For each API demand made to the API layer, the GraphQL API processes the request and forwards the demand to the corresponding Lambda function. An invoked function may query several SageMaker inference endpoints, and processes business logic prior to providing a response to the requestor.
To evaluate the efficiency of the ML designs deployed, a dashboard that tracks the metric (such as clickthrough rate or open rate) for every ML model is created to imagine the efficiency of the ML models in production. These metrics acted as our assisting light on how continues to repeat and enhance the ML models.
Service results
The team observed valuable results from the improved workflows.
” By executing our information science workflows across SageMaker and our existing CI/CD tools, the automation and decrease in operational overhead enabled us to focus on ML design enhancement activities, accelerating our ML models time to market quicker by 60%,” states Mohammad Alauddin, Head of Data Science and Engineering. “Not only that, with SageMaker Spot Instances, enabled with a basic switch, we were likewise able to lower our information science infrastructure cost by 75%. By improving our ML models time to market, the ability to collect our customers feedback was also accelerated, allowing us to tweak and enhance our listing recommendations clickthrough rate by 250%.”.
Summary and next actions.
The team was deeply motivated with the company results, there is still plenty of space to improve their consumers experience. They have strategies to even more improve the ML model serving workflow, including A/B testing and design monitoring features.

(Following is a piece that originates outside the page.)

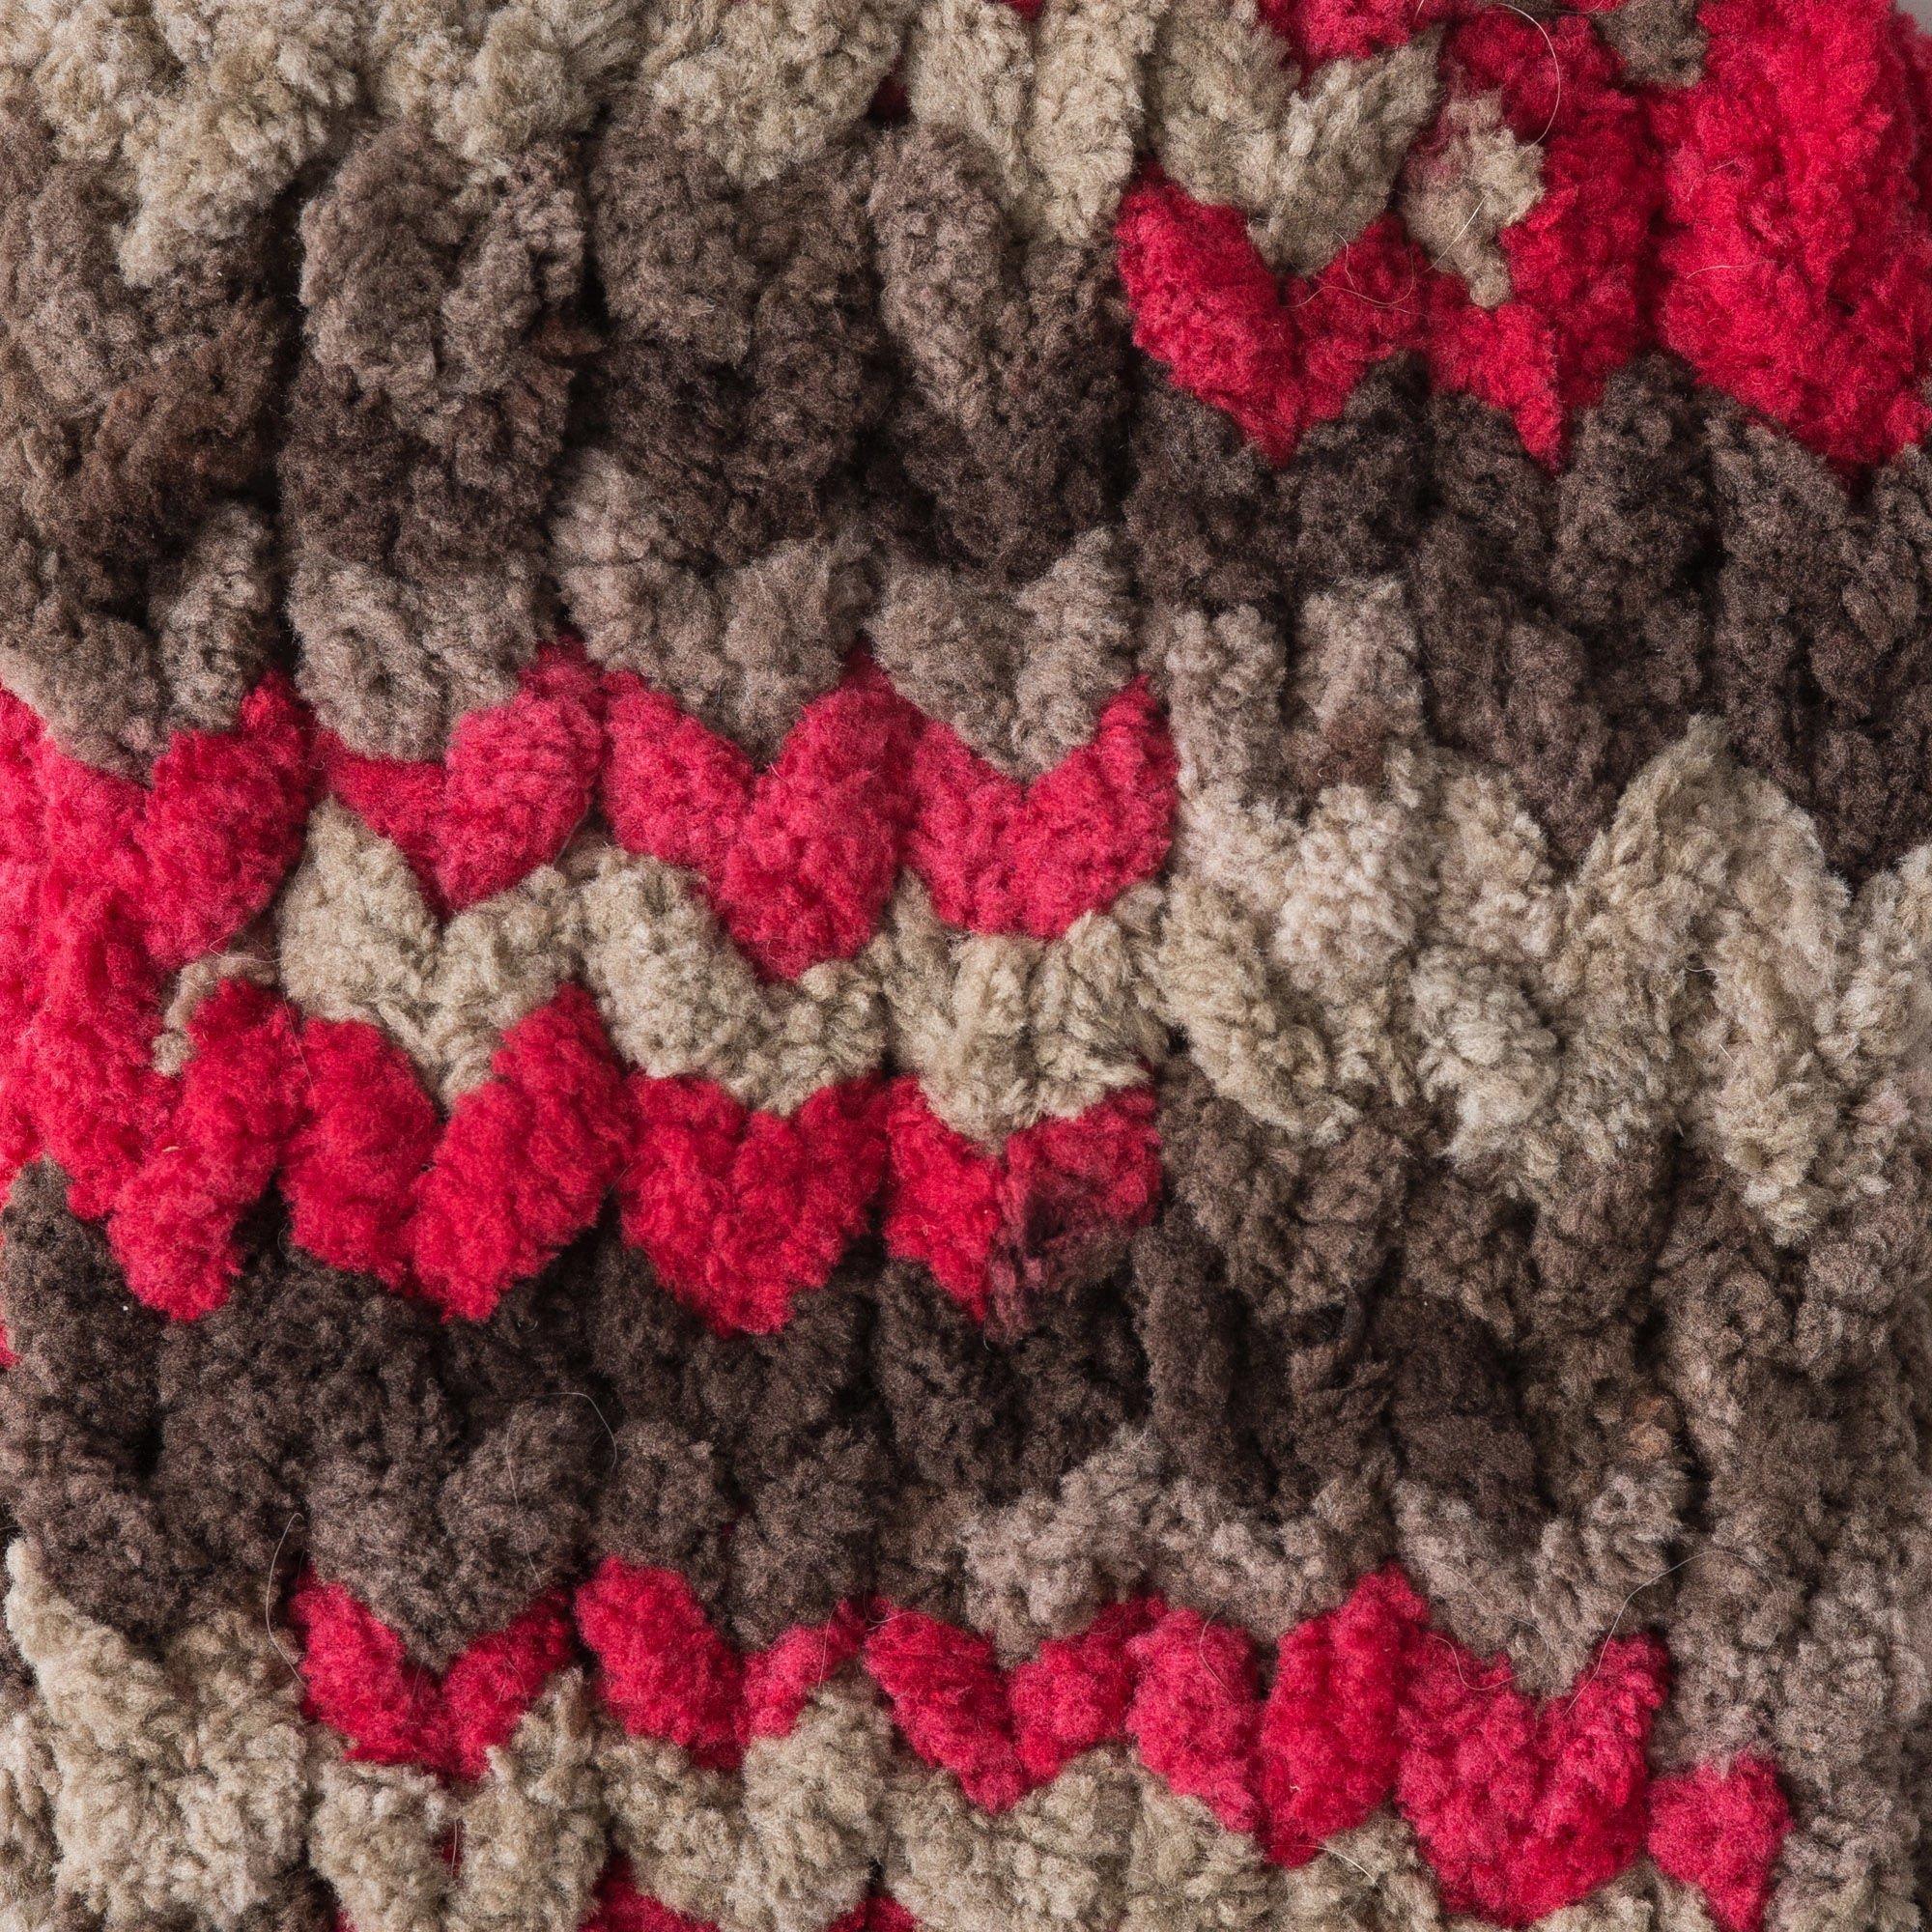 Bernat Blanket Yarn (5.3 oz) - 6 Pack Bundle with 3 Patterns - Raspberry Trifle

To further minimize undifferentiated work, the team is also checking out SageMaker jobs to streamline management and maintenance of their ML workflows, and SageMaker Pipelines to automate actions such as data filling, information change, training and tuning, and release at scale.

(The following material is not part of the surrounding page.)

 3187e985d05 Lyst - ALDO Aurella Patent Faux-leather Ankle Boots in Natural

About PropertyGuru Group & &
. is headquartered in Kuala Lumpur, Malaysia and uses over 200 employees. is the market leading residential or commercial property portal, offering a search experience in both English and Bahasa Malaysia. also provides customer services such as LoanCare — a home mortgage eligibility indication, News & & Lifestyle channel — content to boost consumers home journey, occasions — to connect home applicants with designers and representatives offline, and much more. The business becomes part of PropertyGuru Group, Southeast Asias leading residential or commercial property innovation company1.
PropertyGuru is Southeast Asias leading property innovation business. Established in 2007, PropertyGuru has grown to become Southeast Asias # 1 digital residential or commercial property market with leading positions in Singapore, Vietnam, Malaysia and Thailand. The Company presently hosts more than 2.8 million monthly realty listings and serves over 50 million month-to-month property applicants and over 50,000 active home agents throughout the five largest economies in Southeast Asia– Indonesia, Malaysia, Singapore, Thailand and Vietnam.
1 In terms of relative engagement market share based upon SimilarWeb information.
The content and opinions in this post are those of the third-party author and AWS is not responsible for the content or precision of this post.

Leave a Reply

Your email address will not be published.